Действительно, если бы эволюция стала в США предметом общенационального референдума, она могла бы проиграть примерно с таким же результатом, как в случае брекзита, – 52% за отказ от нее и 48% против. Трамп, выступив в несколько неожиданном стиле, сумел воспользоваться такими настроениями на своем пути в Белый дом. Похожим образом даже после триумфа брекзита на голосовании наблюдается общий скепсис относительно того, что брекзит будет реализован в соответствии с принципами кампании референдума, учитывая, что Палата общин и Палата лордов проголосовали за то, чтобы остаться в ЕС (80% членов первой проголосовали «за», 20% – «против», во второй – 85% «за», 15% «против»). И хотя в результате общих выборов 2017 г. число депутатов Палаты общин – сторонников брекзита увеличилось, парламентарии в целом хотят сохранить как можно больше существующих связей ЕС и Великобритании вопреки тому, что вроде бы хотело общество, а именно переопределения места Британии в мире.

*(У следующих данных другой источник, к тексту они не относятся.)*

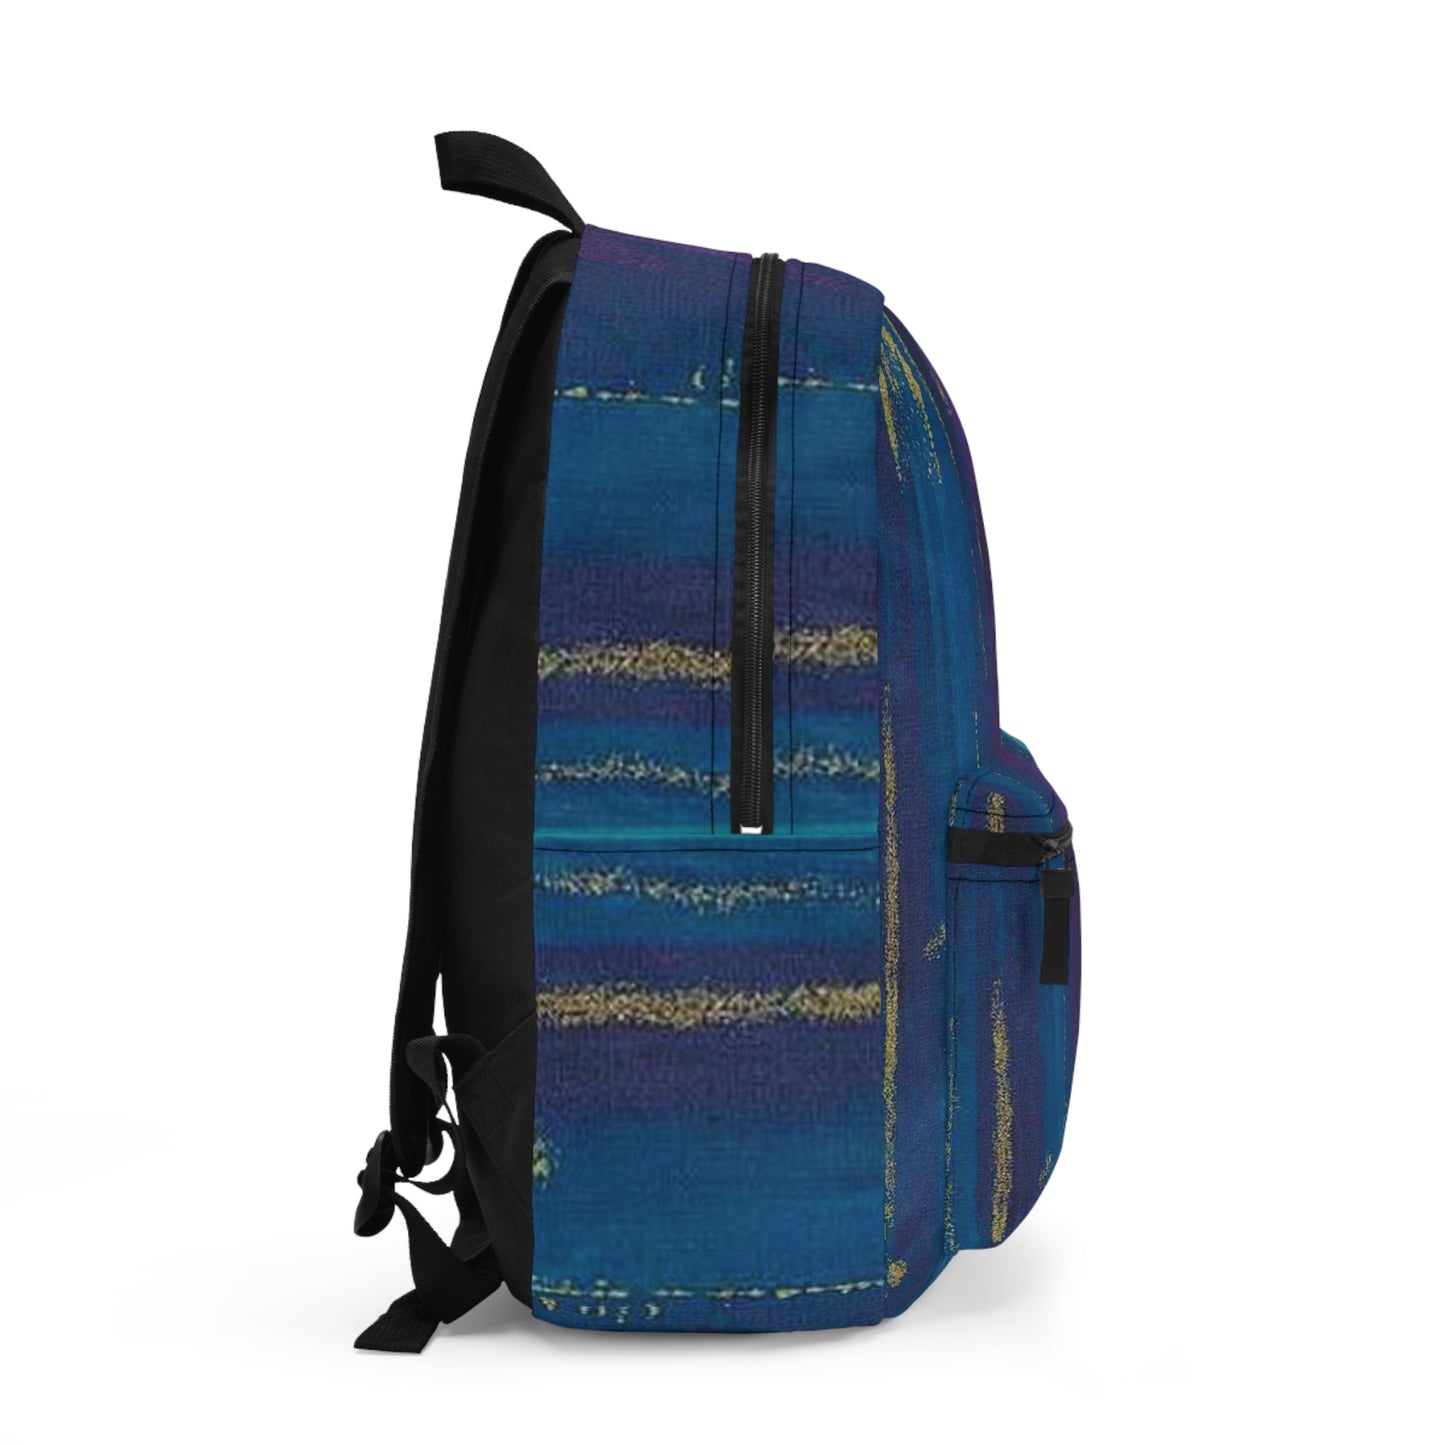 Peacock Inspired Backpack

Разумный вывод из этого такой: плохо это или хорошо, но общество боится риска намного меньше, чем его выборные представители.
Другой важный фактор в антиэкспертном «восстании», общий для теории разумного замысла и брекзита, в том, что истеблишмент сам допускает наличие проблем, считая, однако, что их можно решить в рамках статус-кво. Теория разумного замысла преодолевает ранние формы креационизма именно потому, что она не только выступает за альтернативное основание объяснения природы жизни (такое как «разумный дизайнер», известный также как авраамическое божество), но также подчеркивает проблемы, уже выделенные эволюционистами в качестве проблем их собственной теории. Точно так же премьер-министр Дэвид Кэмерон начал свою кампанию – возможно, фатальную – за сохранение членства Британии в ЕС, признав его недостатки, наглядным примером которых стал неэффективный саммит в Брюсселе в феврале 2016 г., но при этом утверждая, что их не удастся исправить, если Великобритания покинет ЕС и не сможет реформировать его изнутри.
Со временем эта идея вылилась в то, что сторонники брекзита назвали «проектом страха», а именно в общее предчувствие бедствий, которые якобы воспоследуют для Великобритании, если она выйдет из «всегда уже» порочного ЕС. Подобным образом, когда поддержка теории разумного замысла усилилась, научный истеблишмент стал делать упор на то, что эта теория подомнет под себя всю науку, а может, и цивилизацию, если ее начнут изучать в школе. И опять же в обоих этих случаях общество оказалось намного более склонным к риску, чем эксперты. В то же время эксперты, признавая с самого начала недостатки, непреднамеренно позволили обществу взять инициативу в свои руки.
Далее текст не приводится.